There are three main points to be explained about the definition of Request Conditions:

  • When Dispatcher Servlet is initialized, Spring judges whether there is a custom Handler Mapping object in the current BeanFactory in two ways: first, it judges whether there is a bean named handler Mapping in the current BeanFacotry; second, it directly obtains all the beans in the current BeanFactory that implement the Handler Mapping interface, which is also a default method. If an unreachable Andler Mapping object is specified in these two ways, then a default Request Mapping Handler Mapping object is created to process the request.
  • If a custom Request Mapping is used to process requests, try not to use the <mvc: annotation-driven/> tag in Spring's configuration file, because Spring registers an object of Request Mapping Handler Mapping in BeanFactory when parsing the tag, which will interfere with our custom Handler Mapping, because I need to pay attention to the specific request. The Handler Mapping they define handles the Request Mapping Handler Mapping provided by Spring. If you really need to use this tag, we can implement a PriorityOrdered interface for our custom Handler Mapping, which ensures that it can determine whether it can process the current request before RequestMapping Handler Mapping.
  • Two almost complete interfaces are defined in the UserController above.
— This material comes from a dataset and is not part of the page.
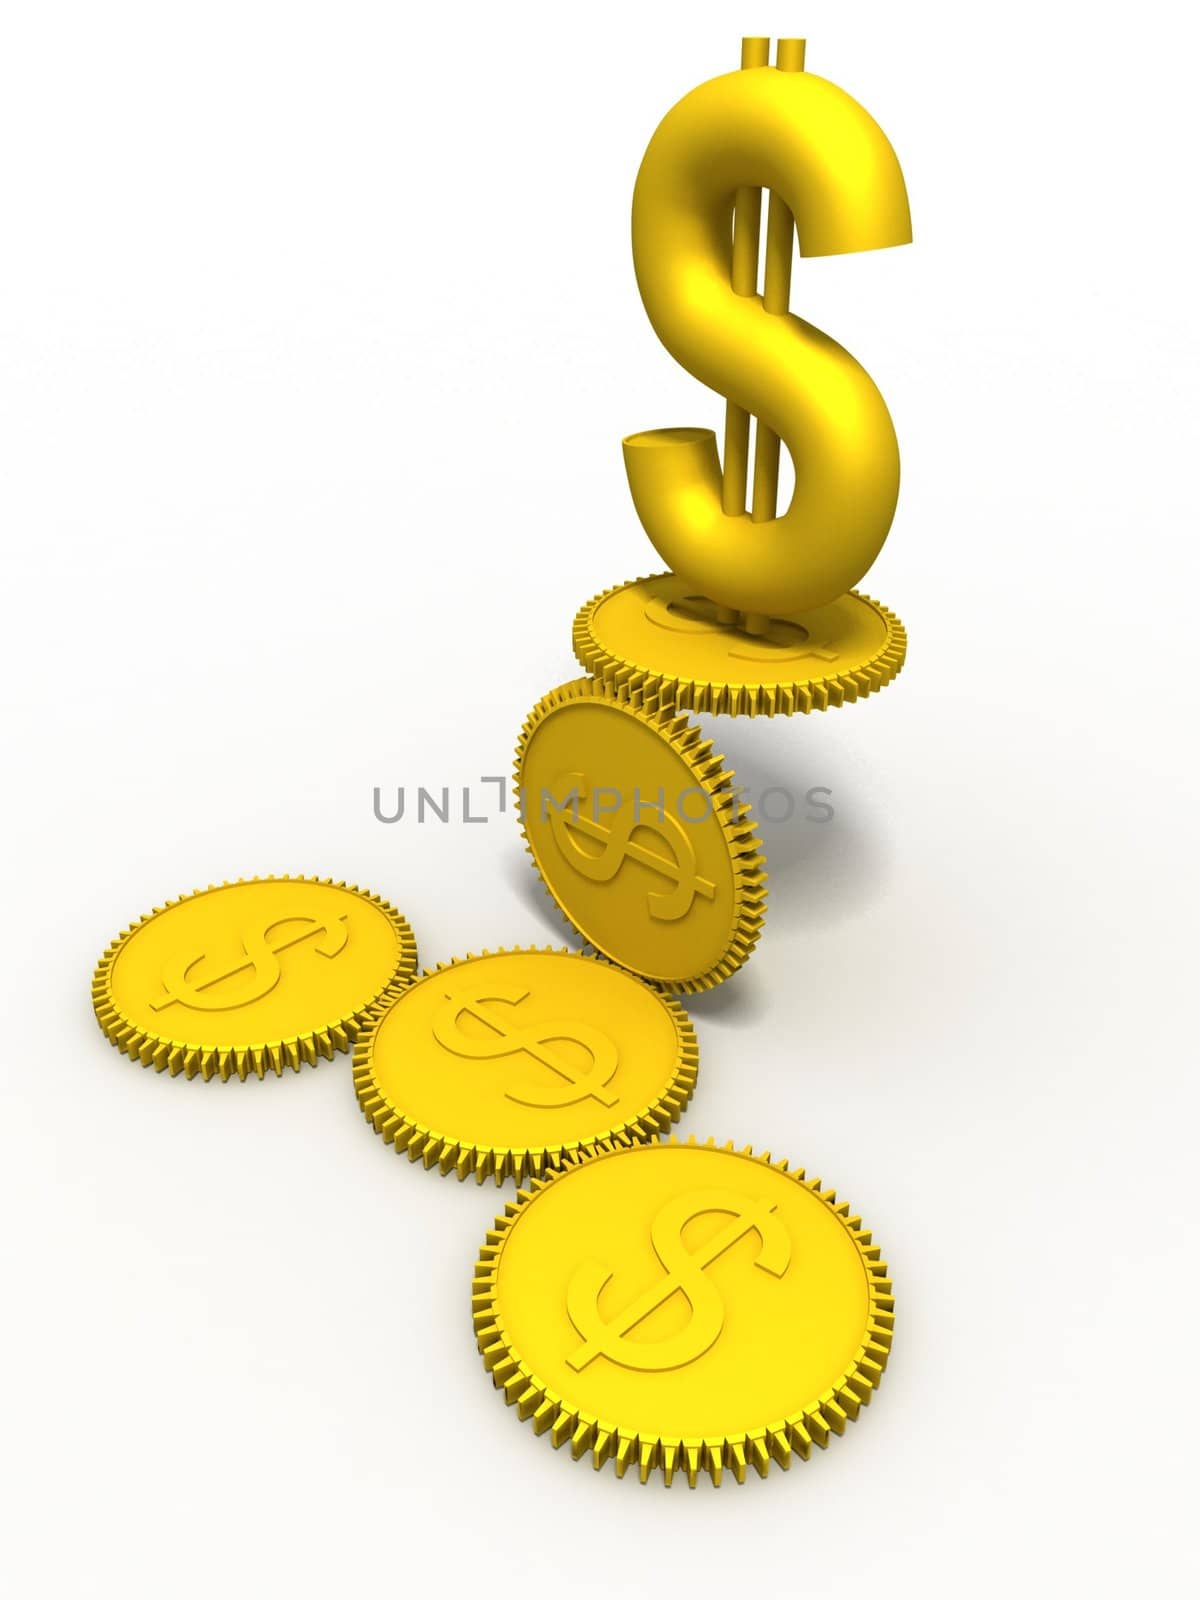 Mechanism of the dollar-gear on a white background

For Spring, two identical interfaces are not allowed in the container. However, in the absence of customized RequestConditions, Spring incorporates the judgment of the RequestConditions object when making two interface judgments (that is, the judgment of the RequestMapping Info object encapsulating the interface). If it is customized and the two RequestMapping Infos hold different RequestConditions objects, then Spring will also include the judgment of the RequestConditions object. So even if the other conditions are the same, the two RequestMapping Infos are different. Specific readers can read the source code of the Mapping Registry. assertUniqueMethodMapping () method.

4. summary

This paper first introduces a problem of using multiple templates in one project, then introduces the solution of using RequestCondition to solve this problem, then demonstrates the solution in the form of code, and finally introduces the problems needing attention when using RequestCondition. In general, this paper illustrates how to customize the matching process of Request Mapping Handler Mapping with a practical case.